**DATASET RECORDS:**
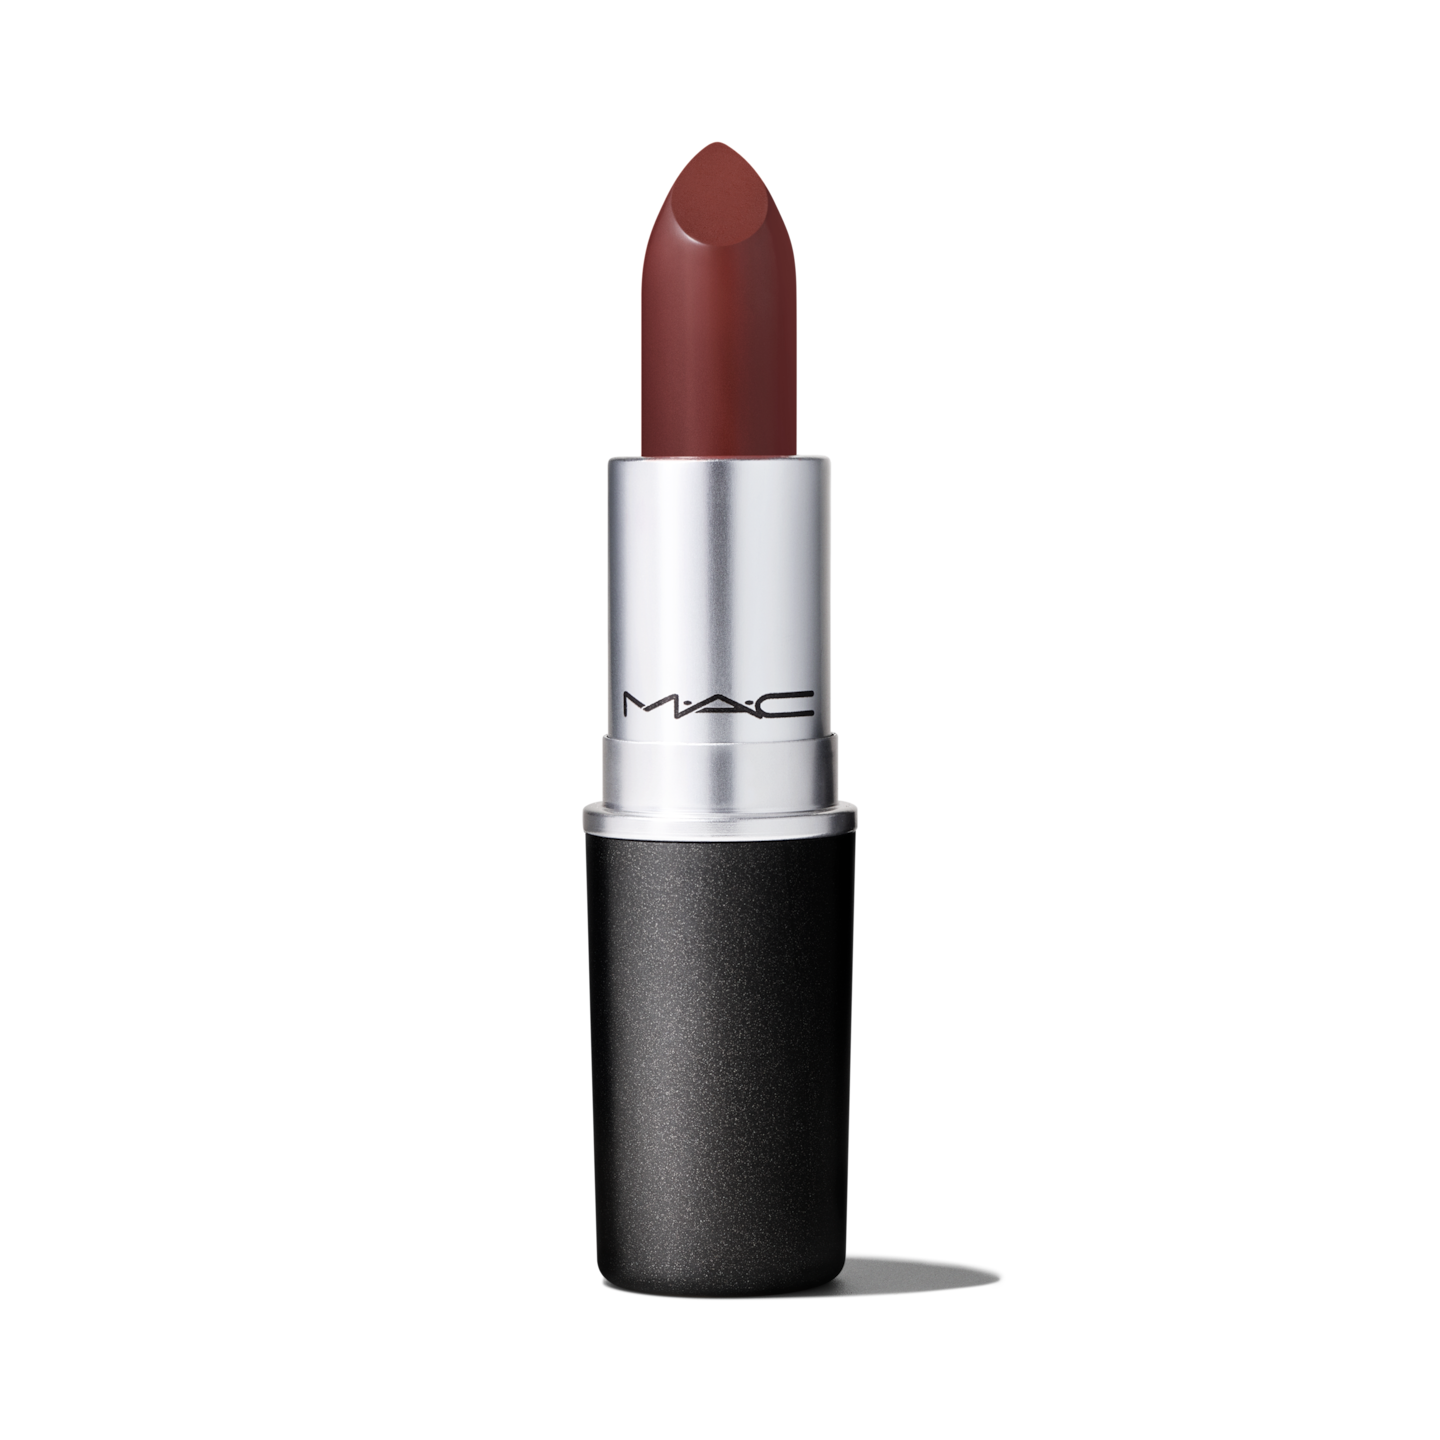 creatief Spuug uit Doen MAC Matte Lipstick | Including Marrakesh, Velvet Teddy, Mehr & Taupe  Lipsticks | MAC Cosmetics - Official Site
--
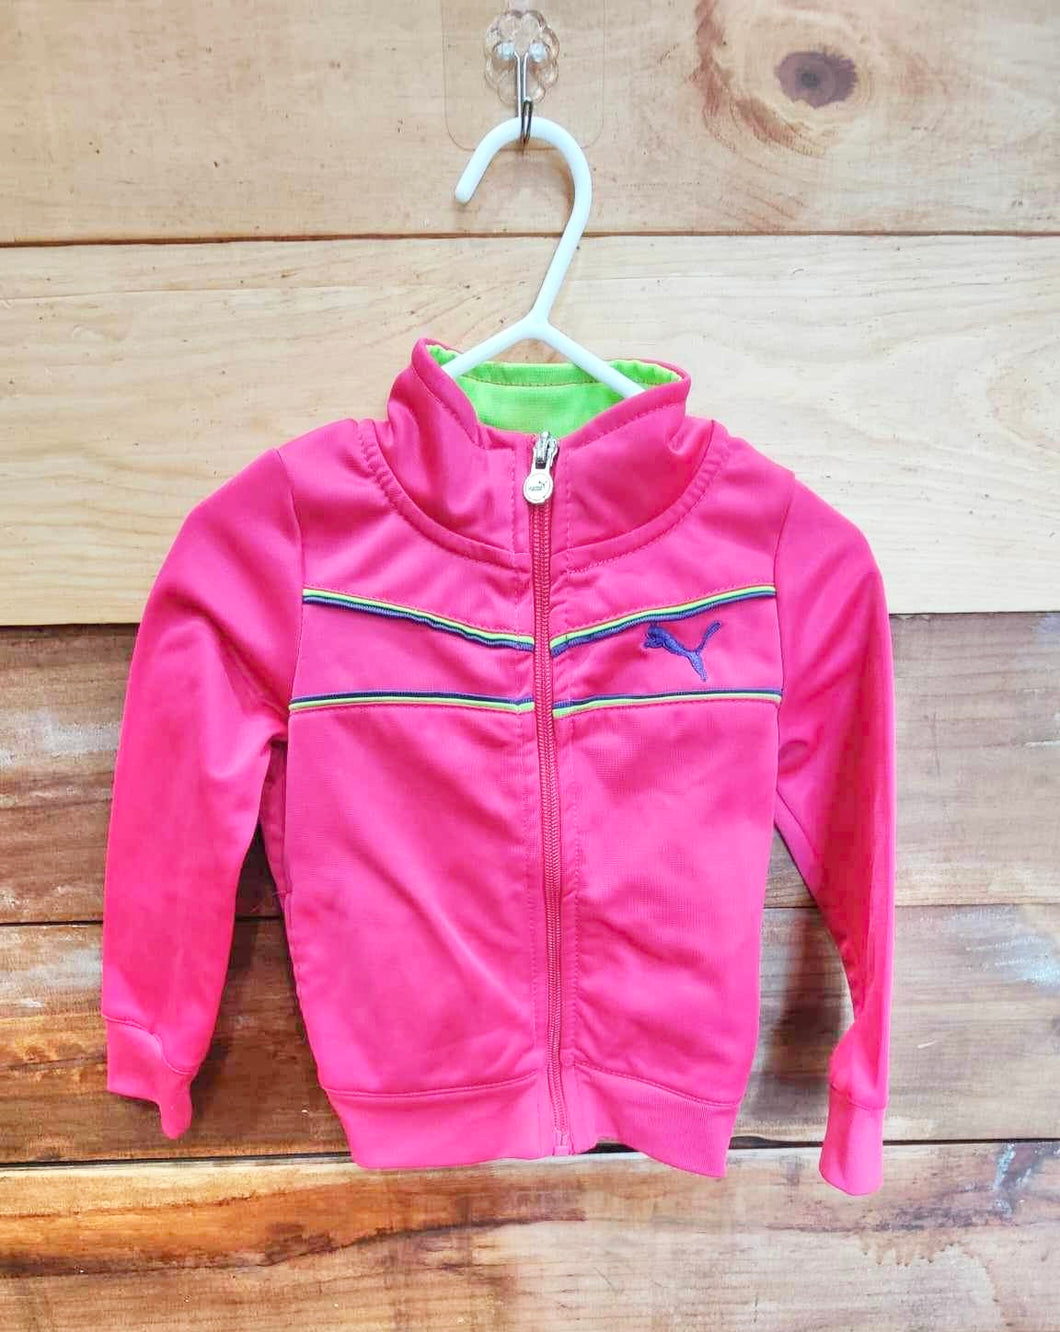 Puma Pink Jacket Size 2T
---
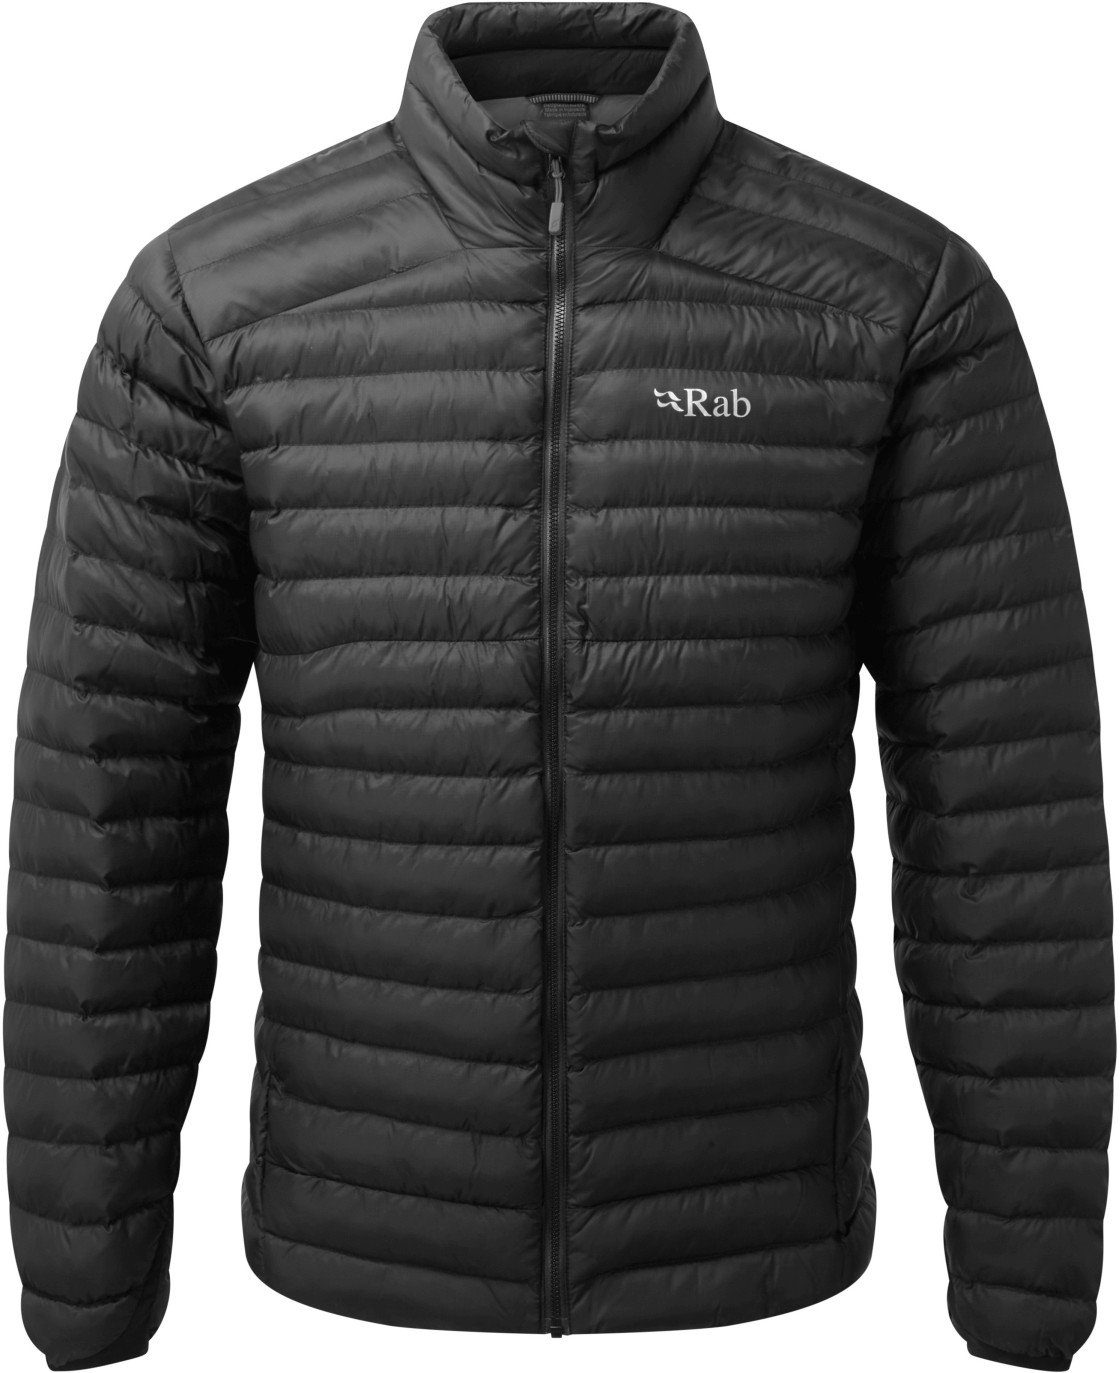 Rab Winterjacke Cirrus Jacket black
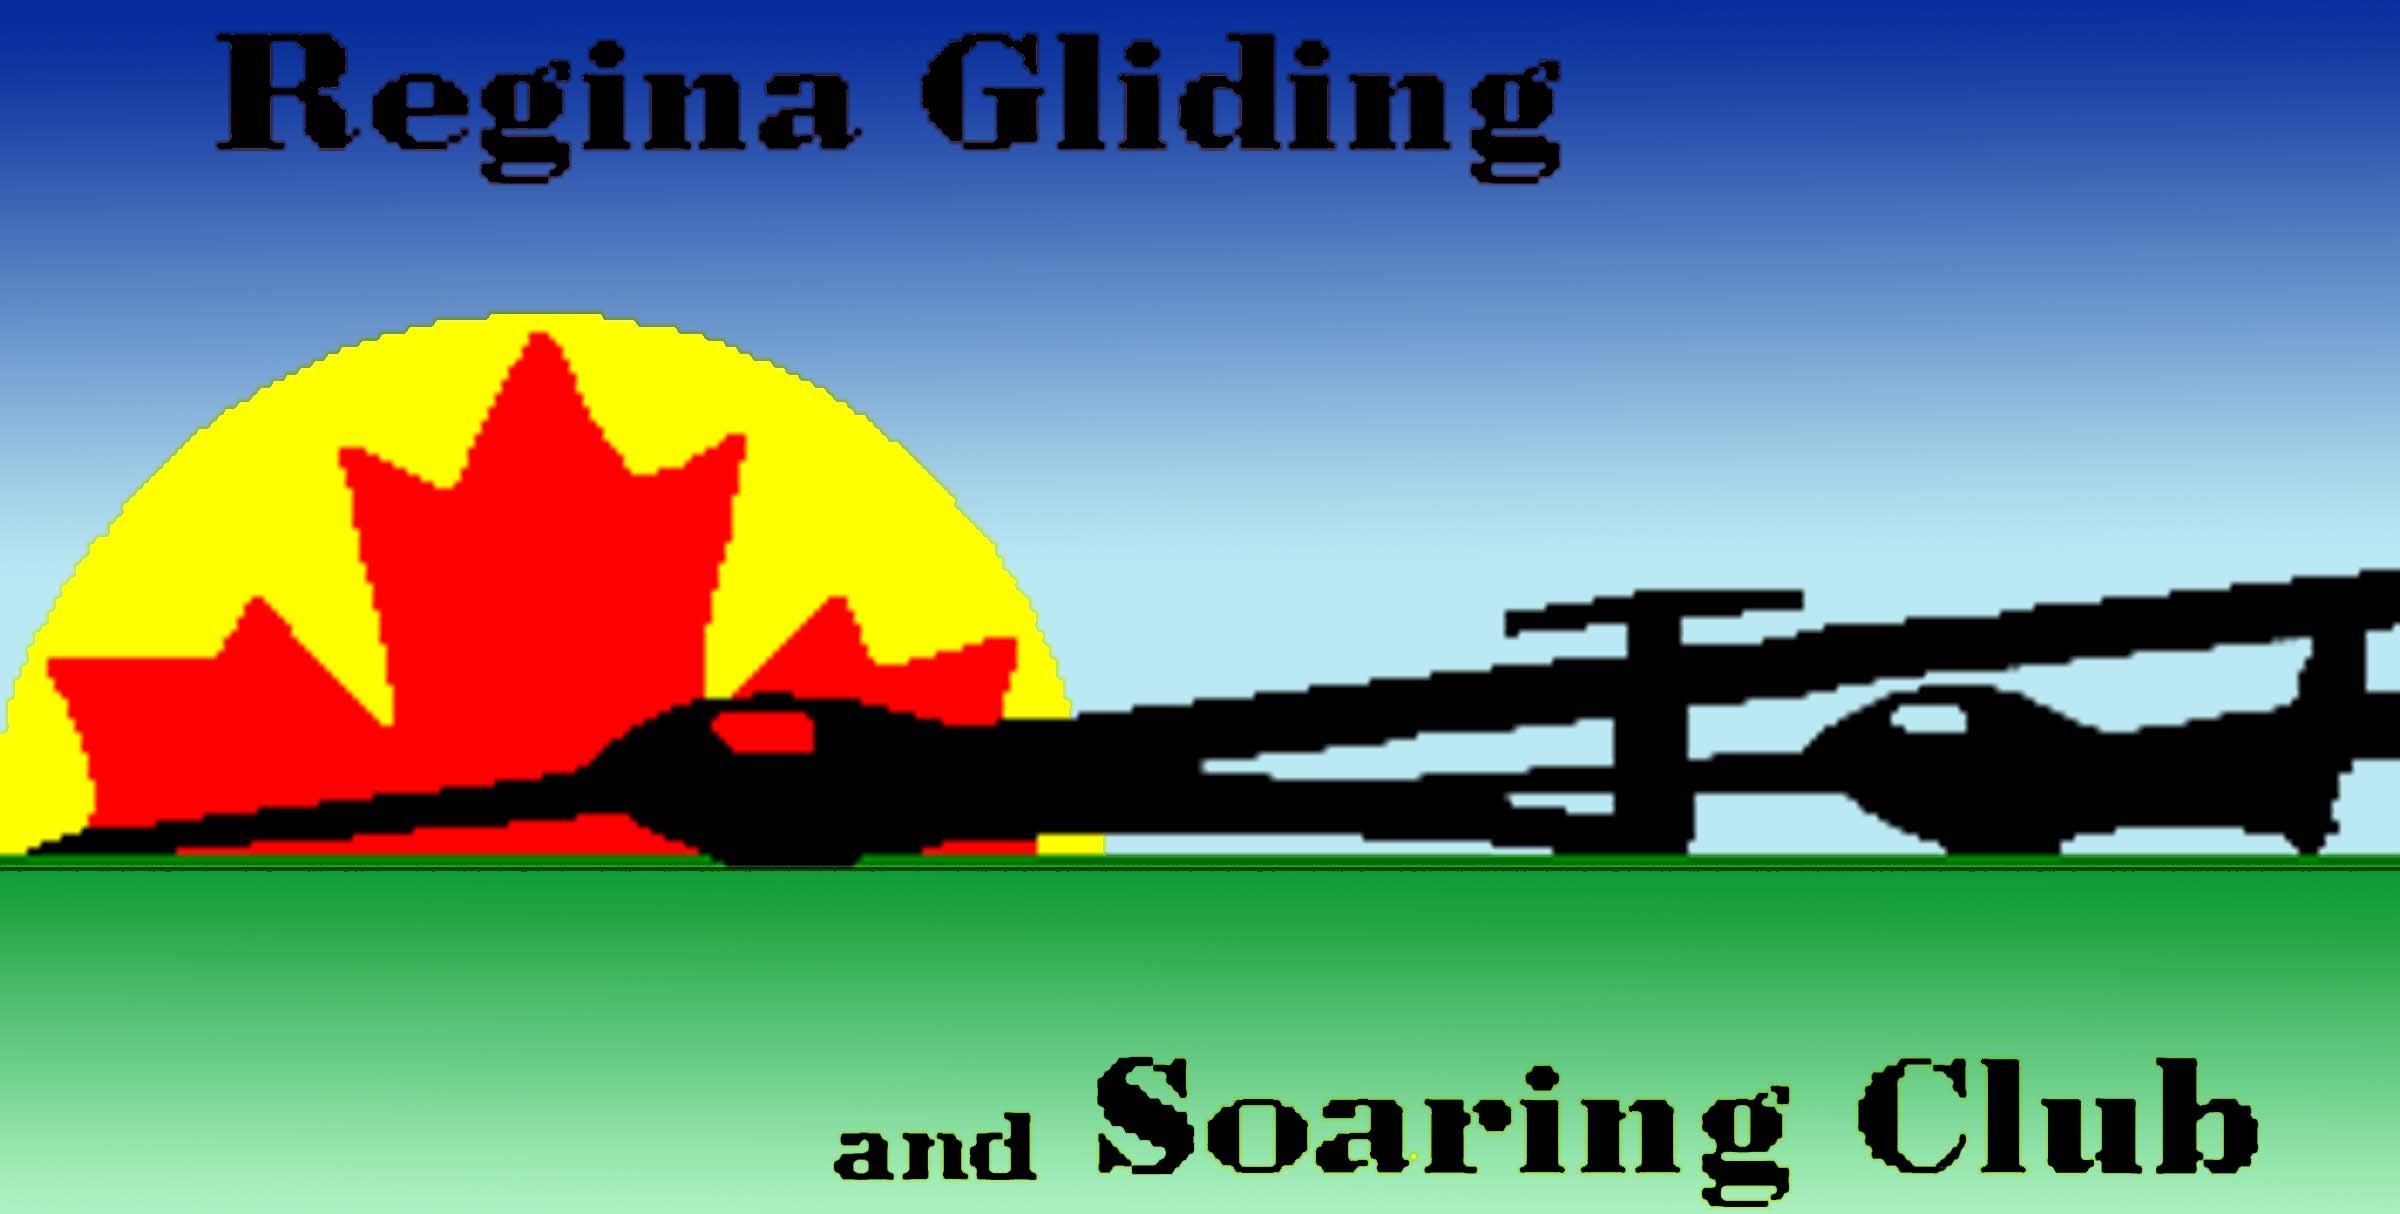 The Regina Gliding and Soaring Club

**ACTIVITY:** Quote the data above exactly from the line with "Rab Winterjacke Cirrus Jacket black" to the line with "The Regina Gliding and Soaring Club", both ends counted, and nothing else. Pictures don't go in.

**RESULT OF THE TASK:**
 Rab Winterjacke Cirrus Jacket black
 The Regina Gliding and Soaring Club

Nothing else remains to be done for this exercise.